Разбег — страница 10 из 63

— Ты имеешь ввиду Ферсмана? — спросил Иргизов.

— Да, я имею ввиду его экспедицию в Заунгузские пески, — подтвердил Ратх. — Ферсман возвратился из экспедиции, обработал научный материал — и вы знаете какой результат? Вчера Атабаев вернулся из Москвы, был на заседании академиков. Рассказывает, что в Заунгузье обнаружены целые залежи первоклассной серы.

— Пап, а откуда в песках сера? Я видел куски этой серы на станции. Мальчишки ее поджигали — она горит.

— Откуда в песках сера, спрашиваешь? — зажегся вопросом сына Ратх. — Представь себе такую картину… На месте Каракумской пустыни когда-то бушевало огромное Сарматское море. Горы наши, Копетдаг, только-только образовались, и волны моря плескались у самых отрогов. — Ратх невольно посмотрел в сторону гор, и все проследили за его взглядом.

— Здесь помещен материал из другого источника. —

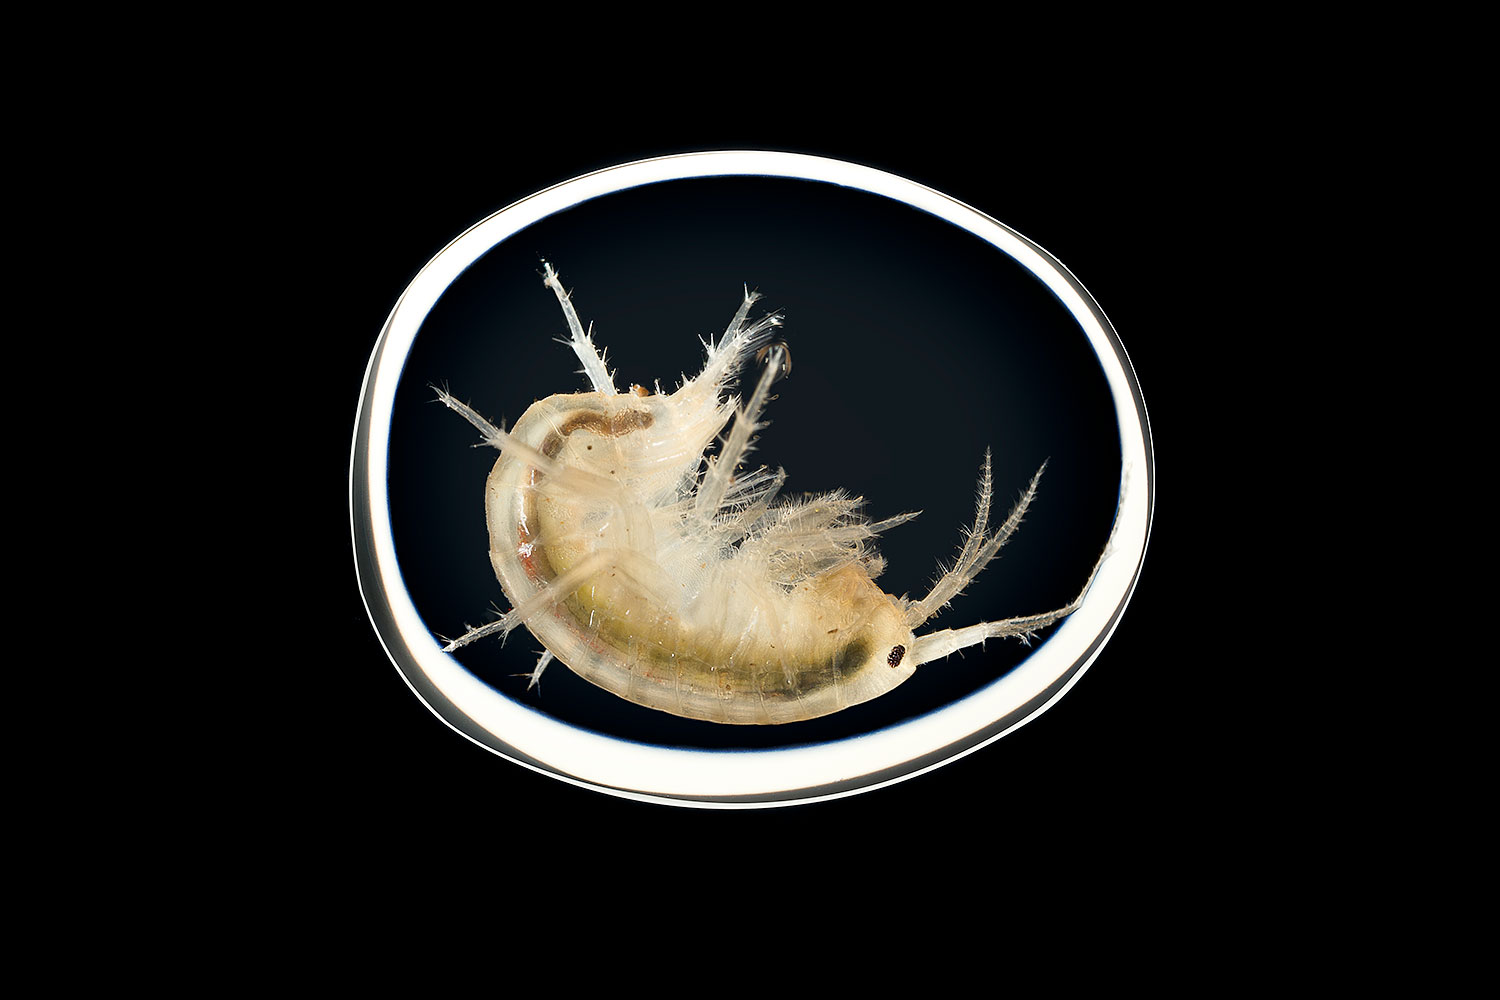 Freshwater shrimp inside water droplet
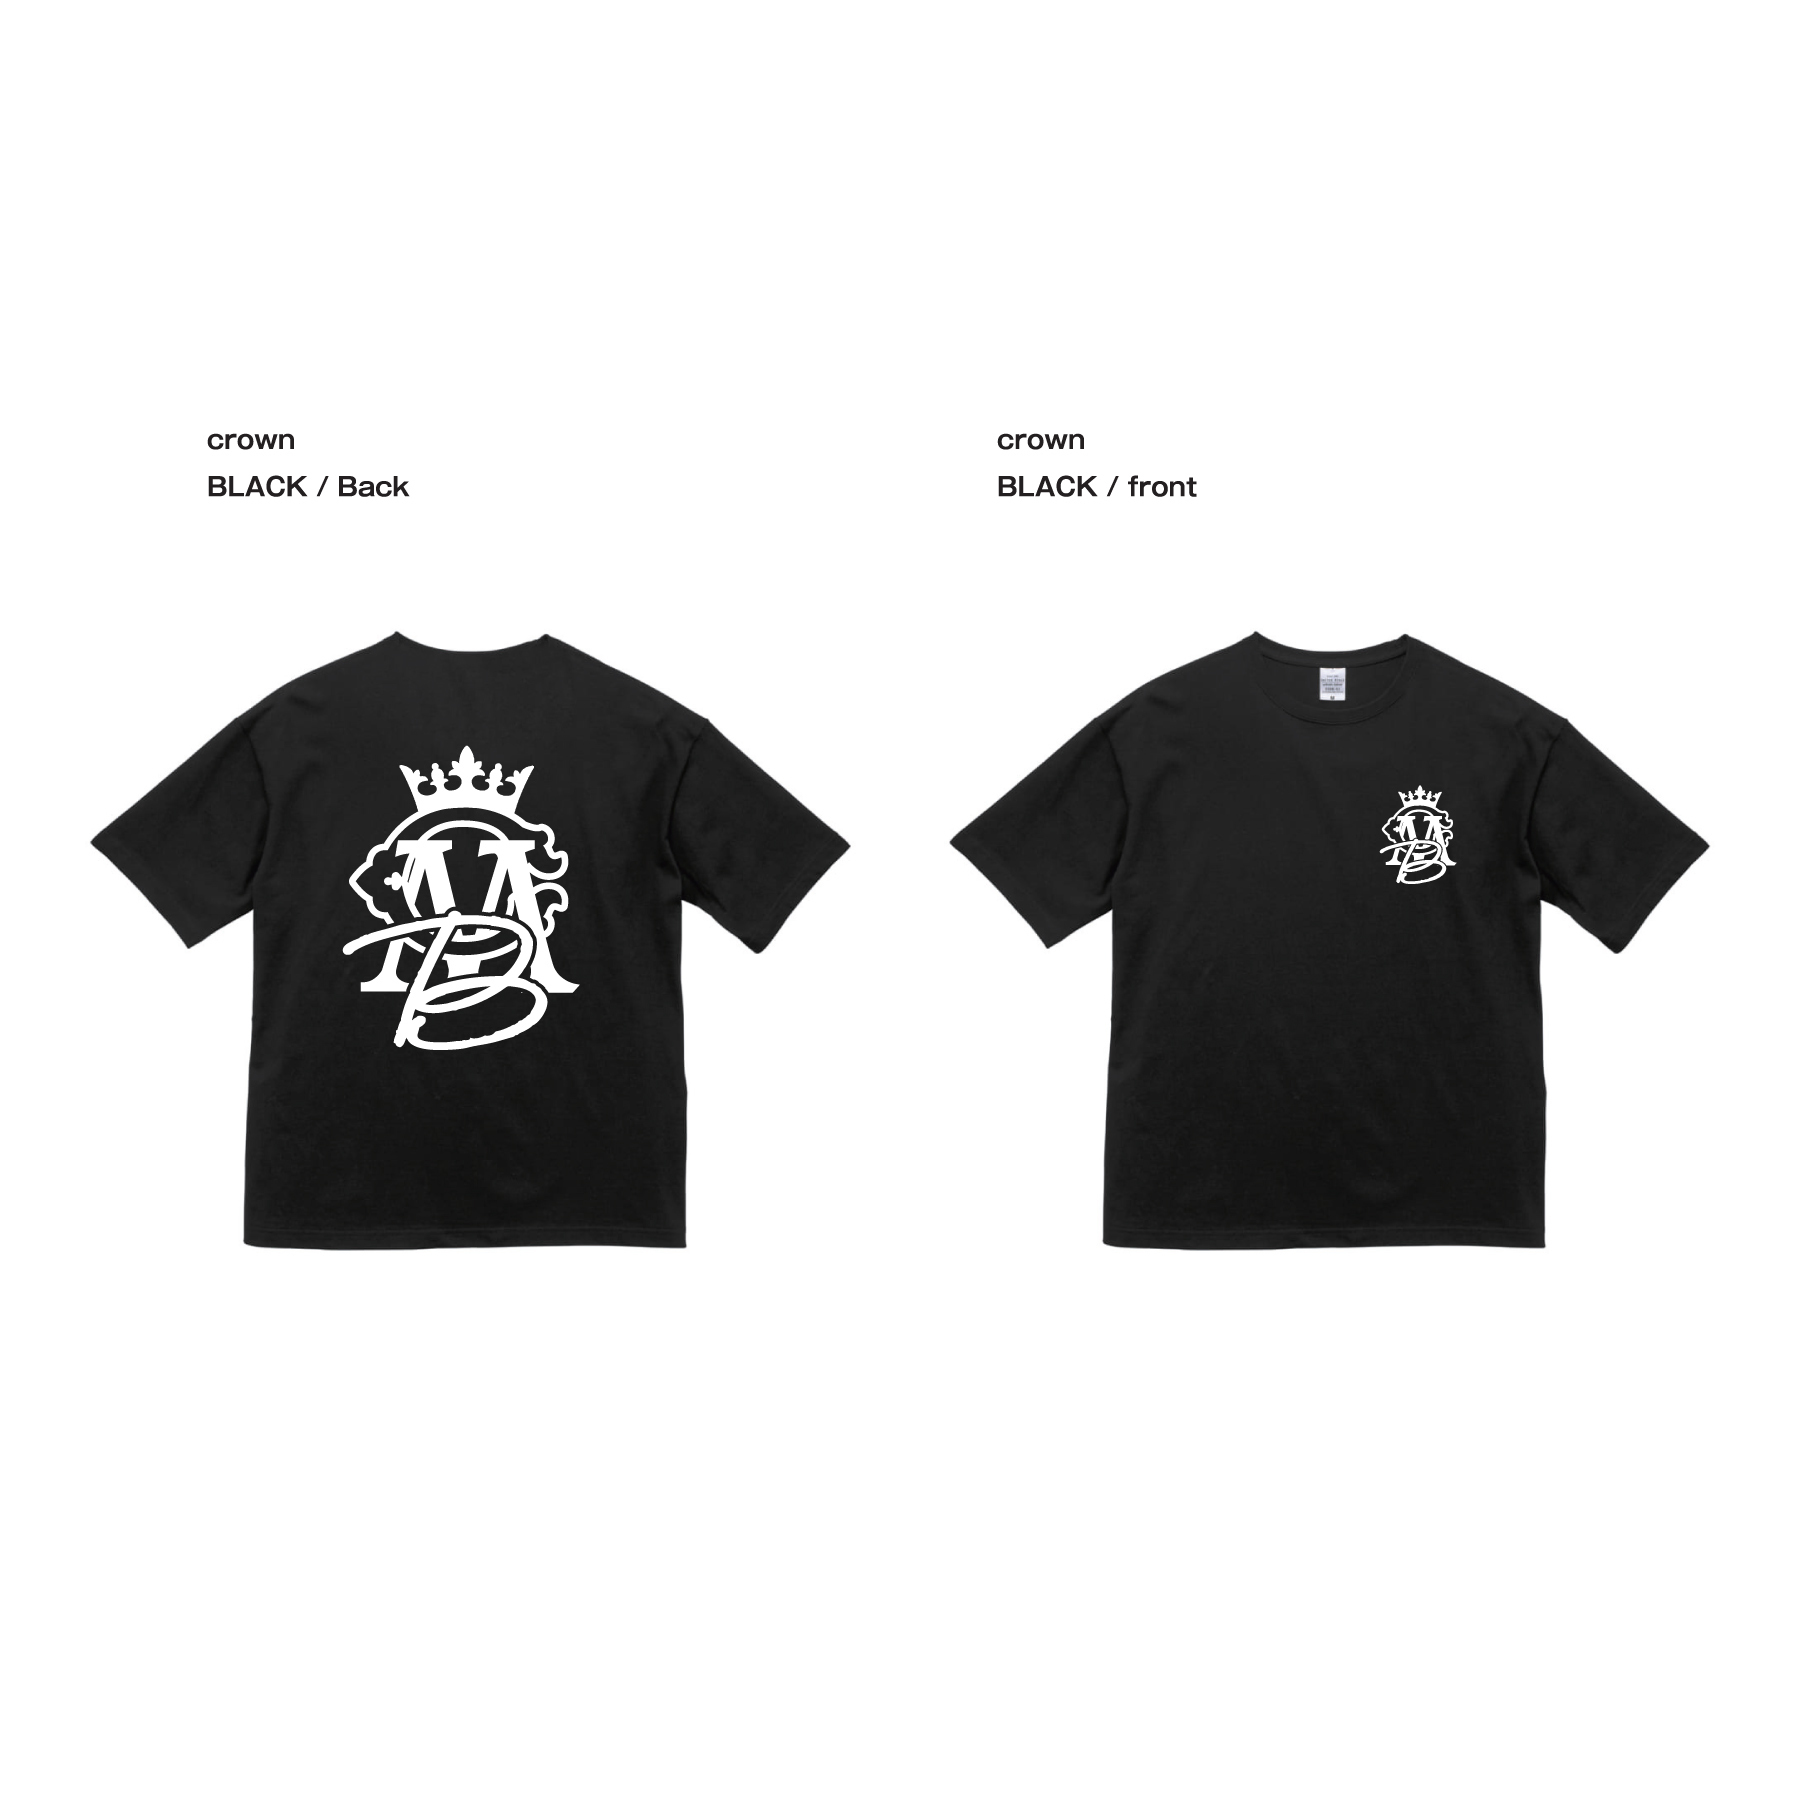 CMB CROWN Tシャツ / ブラック

— Значит, мы живем на дне бывшего Сарматского моря? — удивился Юра.

— Представь себе — это так. Именно здесь плескались его могучие волны. А образование серы шло тысячи и даже миллионы лет. Началось с того, что постепенно стало отступать море от гор. Появились лагуны — мелкие заливы. В них отлагалась морская соль. Потом ее занесло песком. Дальше — всевозможные химические процессы, о которых ни ты, ни я не знаем, — это знают только ученые-академики, и вот — залежи серы.

— Не только серы, но и нефти в этих краях много, — указал Иргизов. — На нефть тоже геологоразведка начинается. Эх, как бы не история, пошел бы в геологи.

— А ты что, Иргизов, в самом деле решил расстаться с военной службой и стать историком? — удивилась Галия-ханум. — Мне Аман о твоем намерении говорил, а явсе не верила. Охота тебе лезть в старые времена?

— Старые времена только и утешают душу, — важно заметил Каюм-сердар. — В старину много хорошего было. Тахир и Зохре, Рустам-Заль, Рембрант.

Юра удивленно посмотрел на деда, подошел к нему:

— А ты откуда знаешь про Рустама?

— Не только про Рустама знаю. Многое еще знаю. Я с самим Куропаткиным был знаком. Один раз он сидел на этой тахте — в гостях у меня был.

— Вы говорите о генерале Куропаткине? — удивился Иргизов.

— Да, дорогой гость — и это самая прекрасная история.

— Я не сказал бы этого, — не согласился Иргизов. — Мы сбросили этого паразита с пьедестала истории.

— Ай, харам-зада, — тихонько выругался Каюм-сердар и поставил пиалу на ковер. — Зачем Куропаткина ругаешь? Он умный человек — друг мой.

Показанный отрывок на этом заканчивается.